In this paper, we utilized a CoFEx, which performs convolution operations, to efficiently extract feature maps. The CoFEx is based on the SA architecture, efficiently performing matrix and vector operations for rapid convolution execution. The SA architecture processes data in parallel as it flows along fixed-sized matrix blocks, allowing for efficient computation. This architecture allows for high-dimensional parallel processing of data while maintaining computational efficiency [26]. Notably, the CoFEx contributes to minimizing performance degradation during the convolution operation by facilitating the efficient reuse of weight data. Additionally, we utilized an edge AI processor, Intellino, employing the lightweight k-NN algorithm for image classification based solely on feature maps. The k-NN algorithm performs classification and regression tasks based on the proximity of feature vectors. This algorithm, primarily employed for estimating the class of specific data points, operates mainly by utilizing distance measurement techniques and determining predicted values through majority voting or averaging principles [27].

The main contributions of this paper are as follows:

Designing and verifying the CoFEx for accelerate convolution layer operations.
Replacing the FC layer with the AI processor, Intellino, to perform classification tasks with fewer computations.
Implementation and analysis of the proposed system consisting of the CoFEx and AI processor.

This paper consists of the following. Section 2 introduces related works about the strawberry ripeness classification systems. Section 3 elucidates the proposed overall system architecture and the detailed aspects of the CoFEx and the AI processor, Intellino, based on the k-NN algorithm. Section 4 presents the implementation of the proposed system and discusses the analysis results. Section 5 compiles our system and draws conclusions.

2. Related Work

With the development of AI, sensor technology, and computer vision technology, research has been conducted to apply these technologies to the agricultural field, such as smart farms, to create high added-value [28,29,30,31,32,33,34,35]. In particular, for the system that determines the ripeness of fruits, many studies have been carried out utilizing AI and computer vision technology, as it is often necessary to judge the ripeness by external factors such as color, shape, etc. [28,29,30].

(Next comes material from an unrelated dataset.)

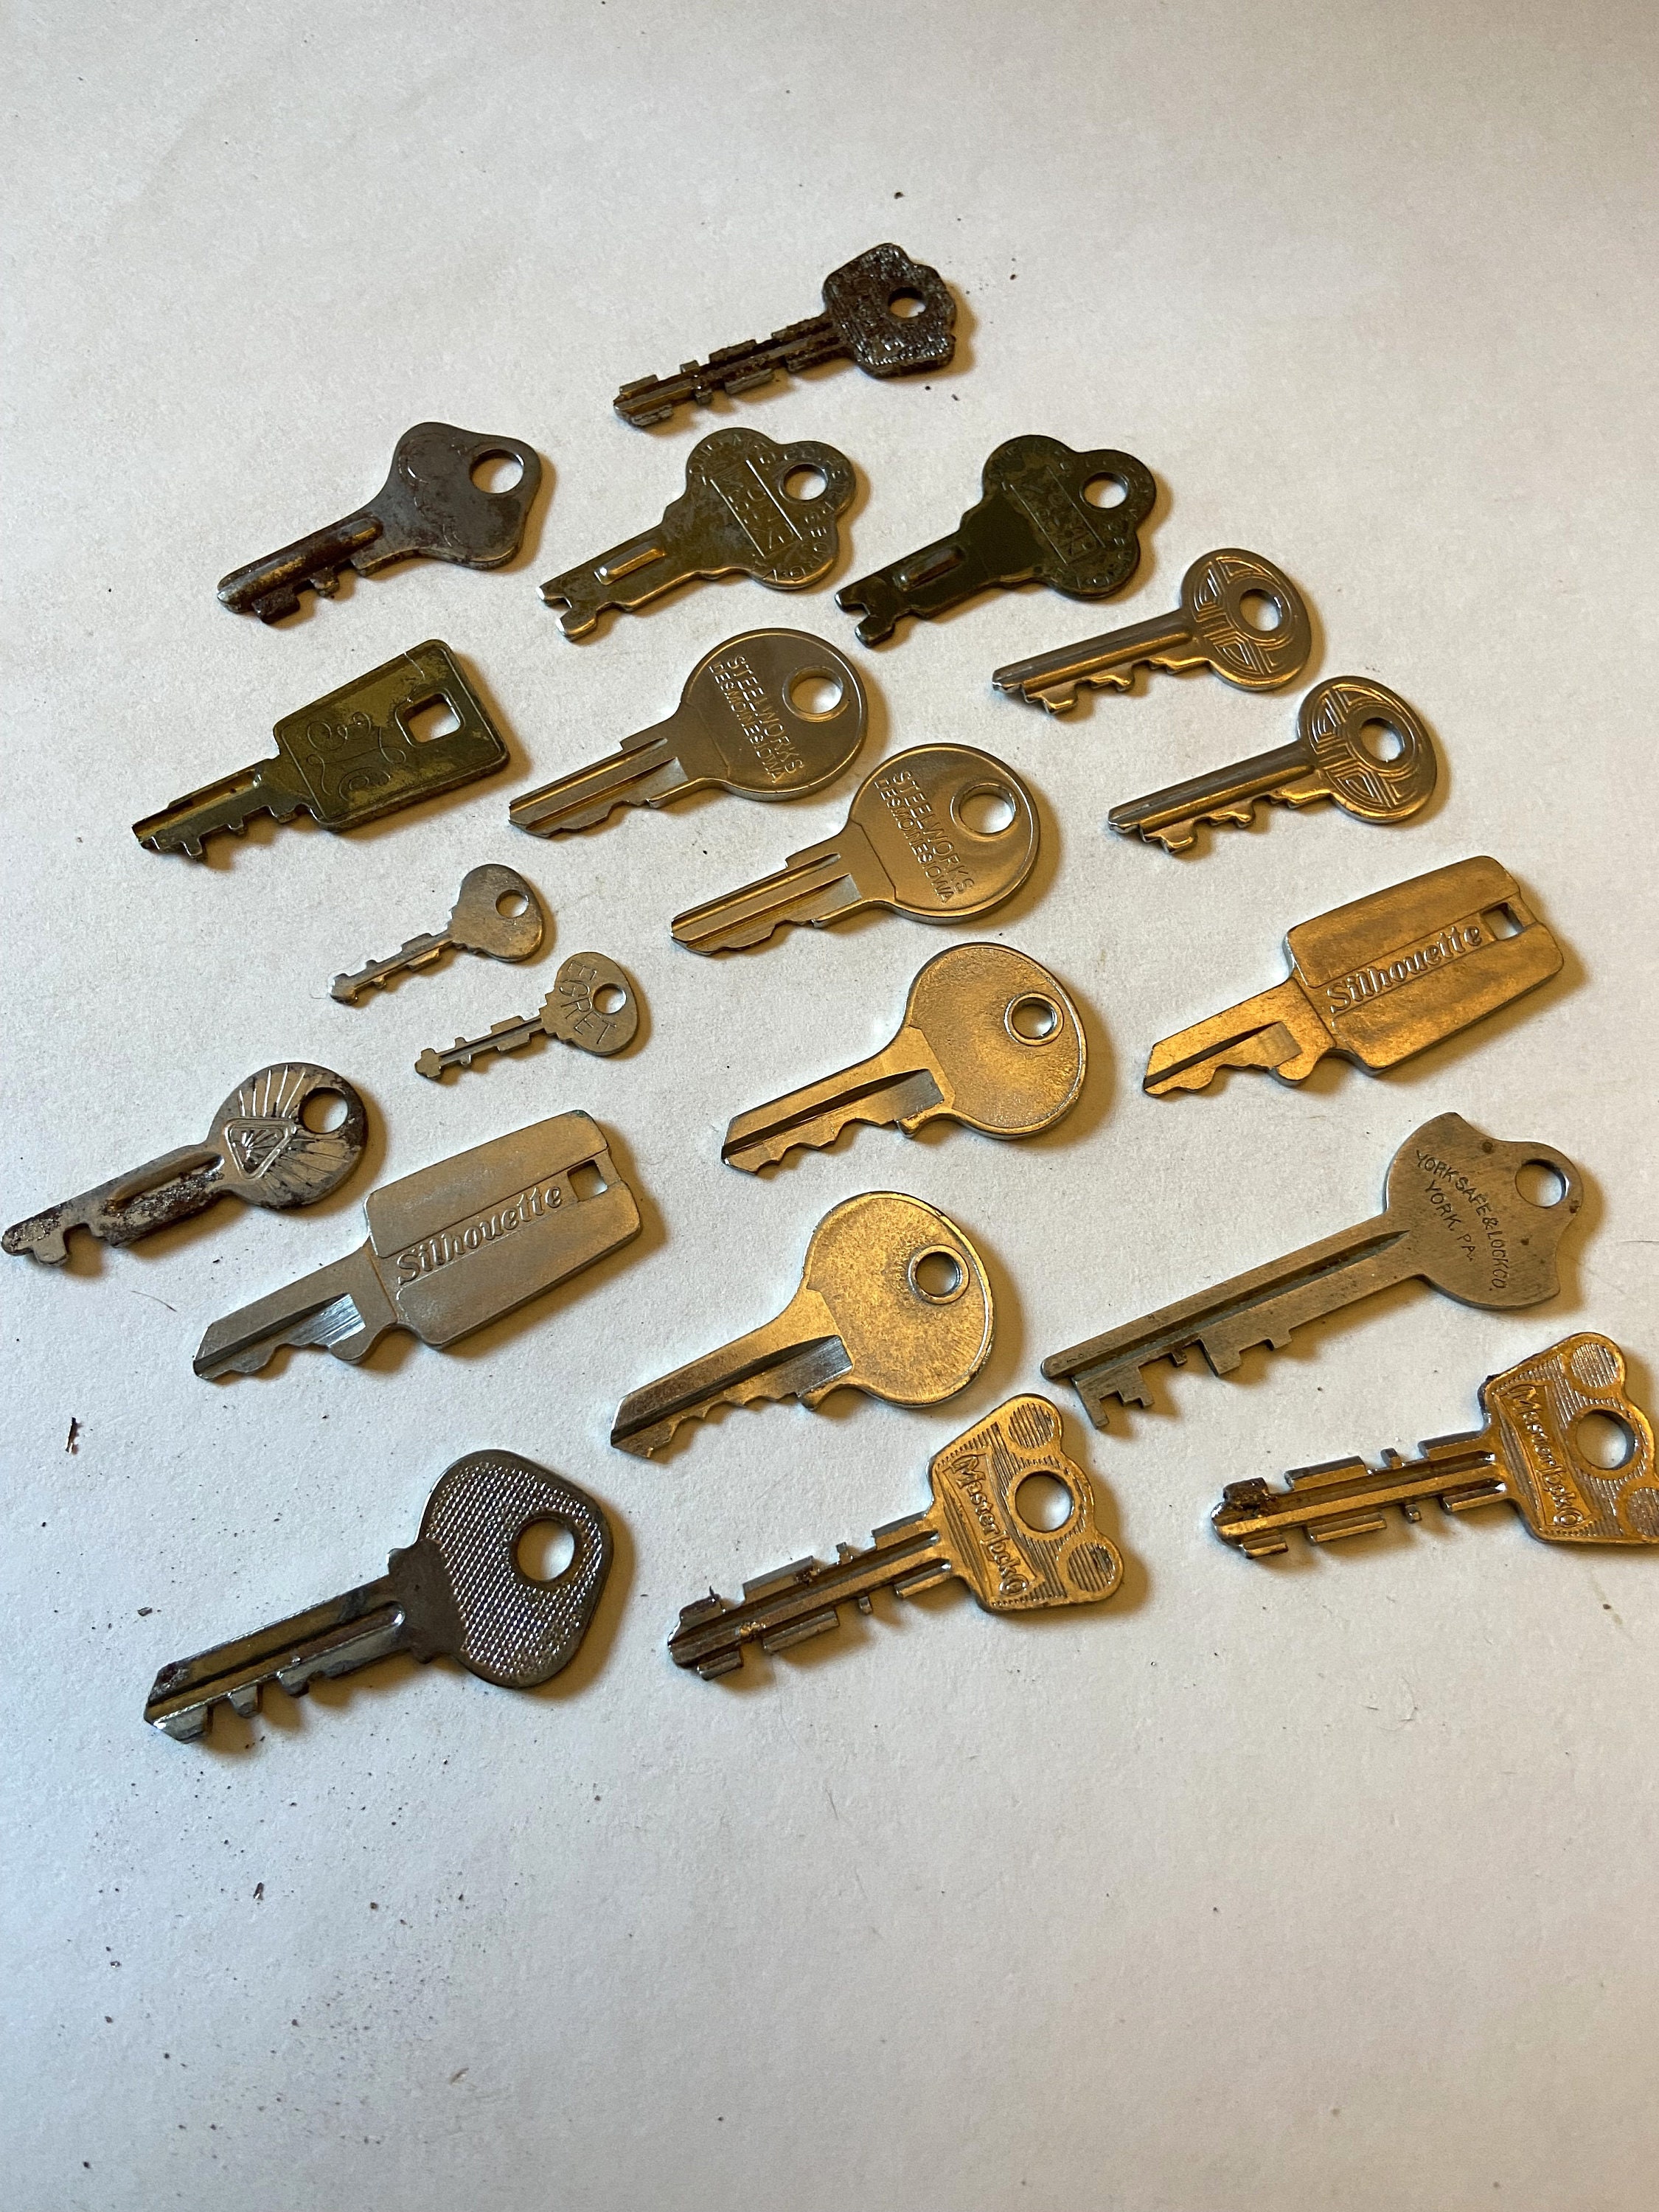 Vintage Skeleton Keys, Antique Keys, Set of 3 Steampunk Keys, French Old  Keys, Shabby Chic Decor, Industrial Style, Key Collection, 1920s

In [28], a system was proposed to estimate the ripeness of Hass avocados with hyperspectral imaging (HSI) and DL. A camera with a spectral resolution of 1.3 nm was employed to obtain hyperspectral images, and a total of 551 avocado images were obtained. The 44,096 sub-images obtained from the avocado images were used for training and testing the CNN to determine the number of days left until the avocado ripens, and an average of 1.17 days of root mean squared error (RMSE) was obtained. In [29], a system capable of object detection of Cavendish bananas and Carabao mangoes with the you only look once (YOLO) algorithm and determining the ripeness of the fruits with a support vector machine (SVM) is shown. With 33 test images, the system’s overall accuracy regarding its classification of ripeness to the fruit subjects is 90.9%. Meanwhile, in addition to research on systems employing AI and computer vision technology, there are also studies using new sensors. In [30], a tactile-based sensor was used to determine the ripeness of fruit. The ripeness was estimated by developing a low-cost, lithography-free, highly sensitive and flexible capacitive tactile sensor to measure the firmness and stiffness of the fruit, and it was confirmed that the capacitance of the sensor varies depending on the stiffness of tomatoes.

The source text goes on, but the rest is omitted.